Все это, замедляя ход, громоздко тянется по дороге и по полям рядом с дорогой и походит на движущийся со всеми жителями татарский улус, и даже, для вящего сходства, дым от очагов медленно ползет из многих шатров, извиваясь в неподвижном знойном воздухе. Жарко и душно. Тени стали уж совсем короткими и прячутся у самых колес повозок и под ногами коней. Солнце стоит прямо над головой, а на закраях полей воздух дрожит, будто переливается над землей водяными струйками.

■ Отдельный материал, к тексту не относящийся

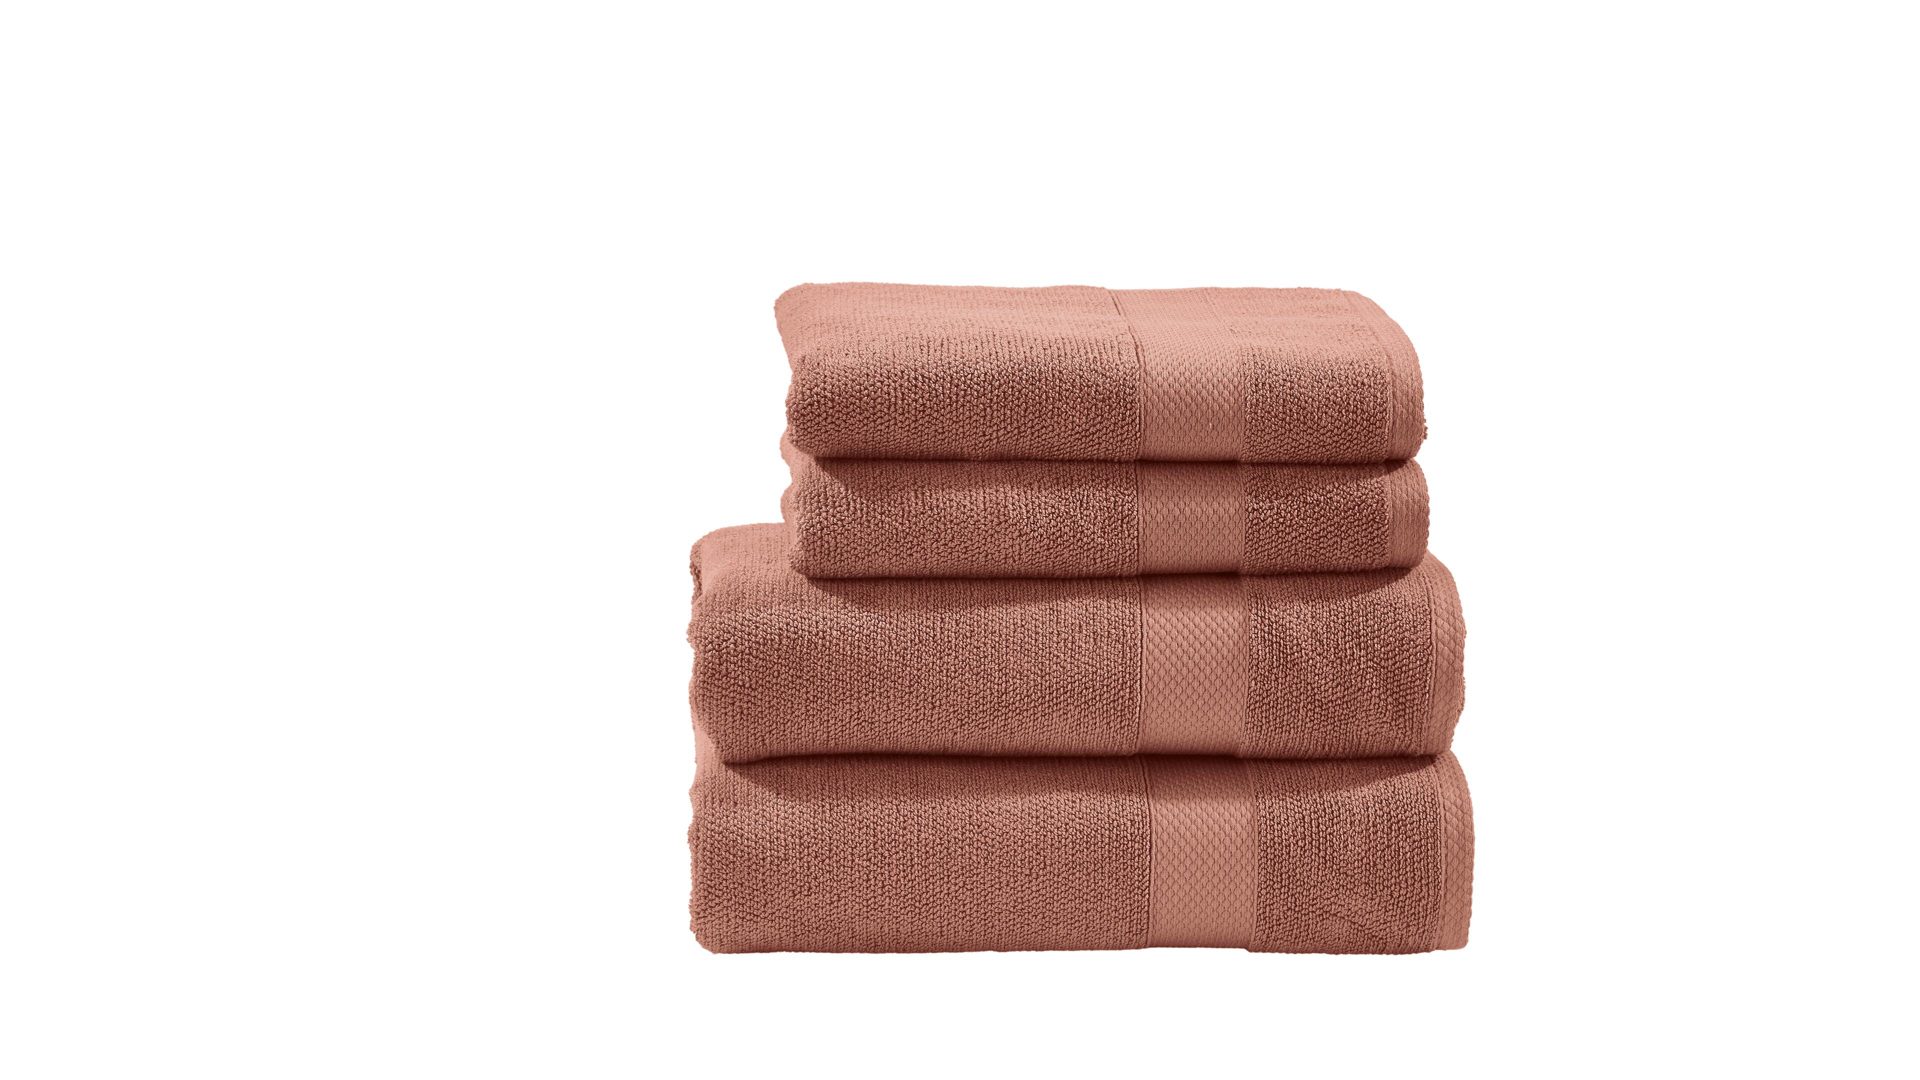 Handtuch-Set Done® be different aus Stoff in Orange DONE® Handtuch-Set Deluxe - Heimtextilien wüstensandfarbene Baumwolle – vierteilig

Вдруг, покрывая уже затихающий шум войска и обозов, где-то вблизи звонко и отчетливо запел резкий гортанный голос:
– Ля-илляхе иль алла Мухаммед Расул Улла![23]
Всадники и повозки сразу остановились, где застал их азан, люди стали привязывать и путать коней, опускать на колени верблюдов, поручая их рабам-иноверцам и женщинам. Остановилась и арба пленных князей. Старый татарин, желая скорее освободиться от заартачившегося верблюда, рванул его с досады за веревку, вдетую в носовое кольцо. Огромный нар яростно заревел от боли и в бешенстве заплевал своего вожатого.
– Кукуч итэ![24] – злобно закричал татарин и отбежал прочь, ругаясь и обтирая полами халата лицо и шею.
Нар остался гордо стоять, встряхивая головой и свирепо следя за своим погонщиком, пока тот не скрылся в толпе, спешившей на молитву…
Все правоверные уже готовились к омовеньям, и каждый выбирал себе такое место, чтобы обратить лицо во время намаза[25] на восток, к священному городу Мекке.
Постепенно стихло все становище, и Василий Васильевич услышал позади себя густой храп. Разбудив князя Михаила, он сказал ему:
– Сей часец намаз у них полуденный – зухр. Потом обедать будут. Нам тоже пришлют ествушки, а по ней мы узнаем, как они нас чтут. Токмо не забывай, брате, одного – скрыть пока надо, что яз добре разумею татарскую речь. Будем, как и ране, через толмача говорить с татарами, дабы они, говоря меж собой, меня не остерегались…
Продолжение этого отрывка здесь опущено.